День, когда объявились эти новоселы, я запомнил на всю жизнь. Была середина лета, и жарища стояла неимоверная, но мы с женой упорно работали в огороде. Соседи явились во второй половине дня: весь скарб привезли на грузовике, а сами прикатили на «Москвиче», этакой допотопной колымаге. Ну и, ясное дело, один их вид чего стоил! Он грузный, краснокожий, с лиловым носом — огородное пугало, удачней сравнения не придумаешь. У него была спотыкающаяся походка, он ходил выпятив живот, насвистывая, улыбаясь идиотской улыбочкой, но в этой его простодушно-веселой улыбчивости я сразу увидел напускную приветливость, и тайный голос мне нашептывал, что доверять такому человеку нельзя. Завидев нас с женой, он поздоровался легким кивком и расплылся, точно осчастливил нас своим появлением.
Она, пышногрудая, пышнобедрая, ходила от машины к дому взад-вперед, ласково напевала что-то домочадцам и рыскала глазами по сторонам — стоило на улице появиться мужчине, как она выпячивала свои формы и зазывающе улыбалась (не скрою, эти позы вызывали некоторое волнение). Но — что я сразу отметил — с посторонними она говорила умиленно-размягченным тоном, не говорила, а прямо выпускала изо рта серебряную струю, а вот с мужем не очень-то церемонилась: то и дело, подбоченясь, покрикивала на него, и он явно испытывал к ней рабское почтение, прямо трепетал перед ней и действовал только по ее указке — когда она отчитывала его, стоял навытяжку, нервно сглатывая слюну, и выглядел каким-то пришибленным.
Ну, а их дочь так уродлива, что на нее нельзя не обратить внимания. Эту долговязую и нескладную кобылицу я сразу прозвал «галифе» — своими широченными бедрами она задевала не только мебель в комнатах, но и прохожих на улице. Держалась она скромно, то и дело опускала глазки, но и дураку было ясно, ее застенчивость — сплошное кривлянье. Лицом она смахивала на мать, и можно было догадаться, какие страсти ее раздирали; ну и высоким вкусом она не отличалась — напялила на себя мужскую рубаху и кепку, которую носила на какой-то залихватский лад — козырьком назад.

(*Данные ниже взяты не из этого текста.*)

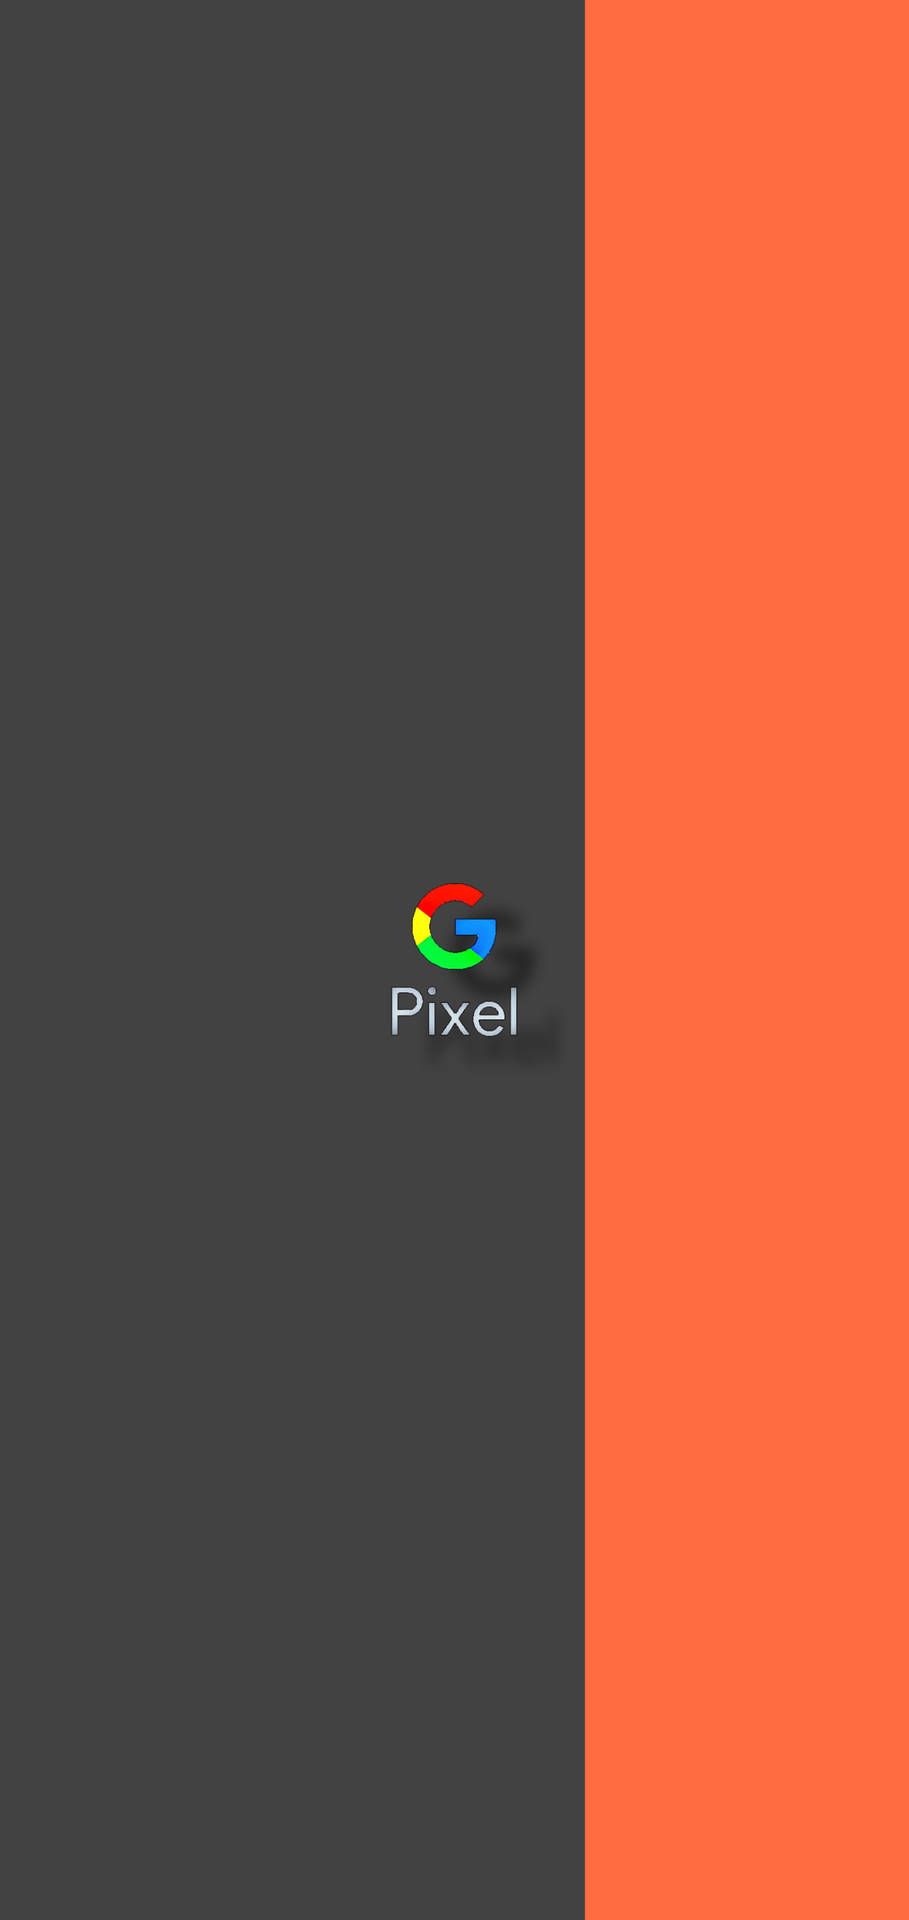 Bộ sưu tập hình nền google pixel Cực Chất Full 4K với hơn 999+ tùy chọn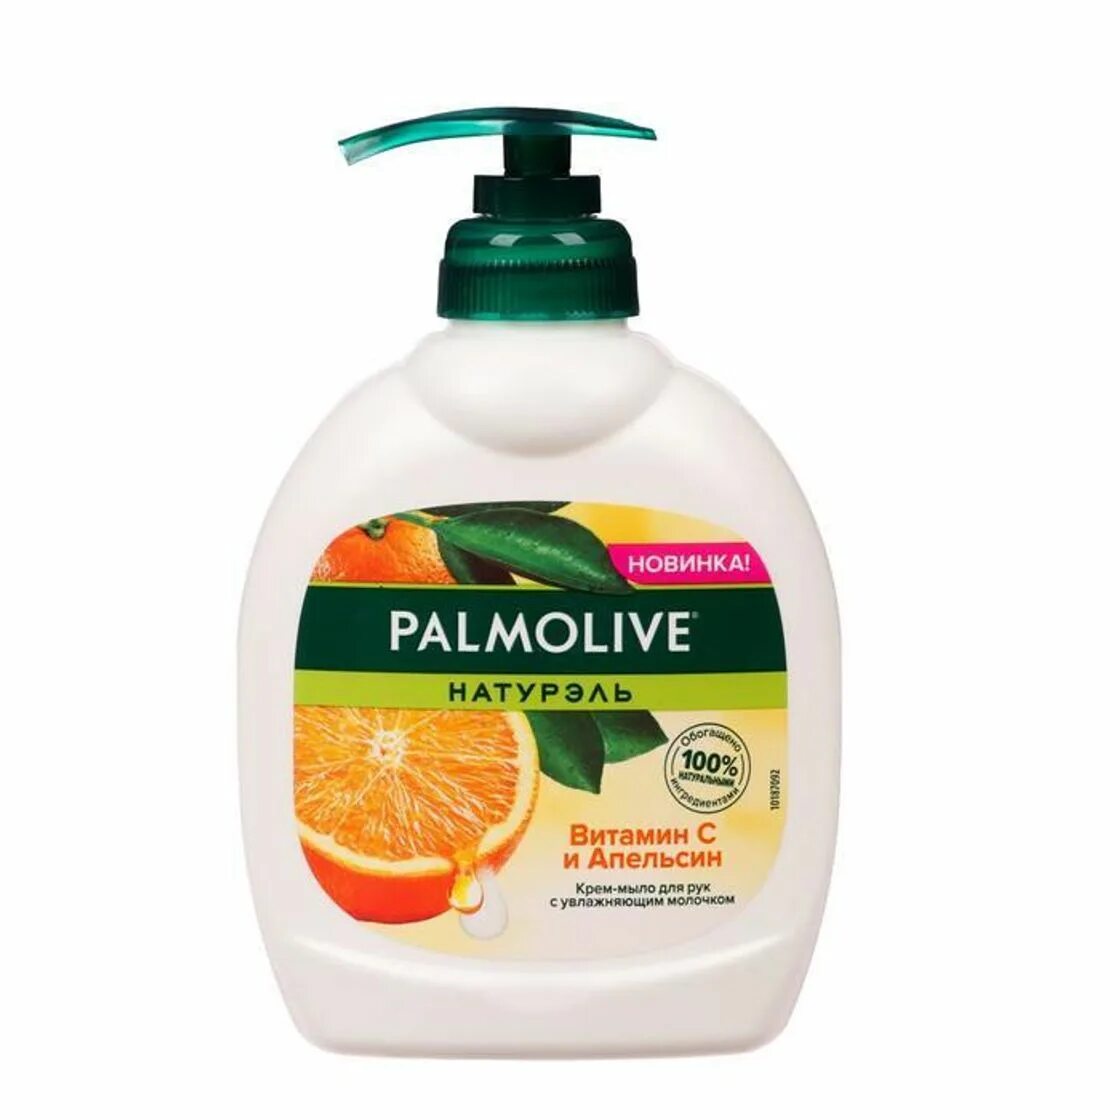 Palmolive крем-мыло жидкое Натурэль витамин с и апельсин, 300 мл. Жидкое мыло Palmolive 300 мл. Palmolive жидкое мыло роскошная мягкость витамин с и апельсин, 300мл.

Они разгружались, таскали барахло, весело перемигиваясь, со взрывами беззаботного хохота — всем свои видом давая понять, что в их семье захватывающие интересы. Это была зрелищная, смехотворная картина. Время от времени, мимоходом, он, сосед то есть, обнимал и целовал своих женщин, и как бы приглашал нас с женой разделить его радость, но скорее делал это назло нам, чтобы мы облизывались при виде их счастья.
Не успели они расставить мебель в доме, как он вывел свою женушку фотографироваться. Он снимал ее и анфас, и в профиль, и со спины. А она совсем спятила от притворства — воображала из себя черт-те что! На ее лице прямо читалось неутолимое желание прославиться. Мы с женой от смеха за стенку держались.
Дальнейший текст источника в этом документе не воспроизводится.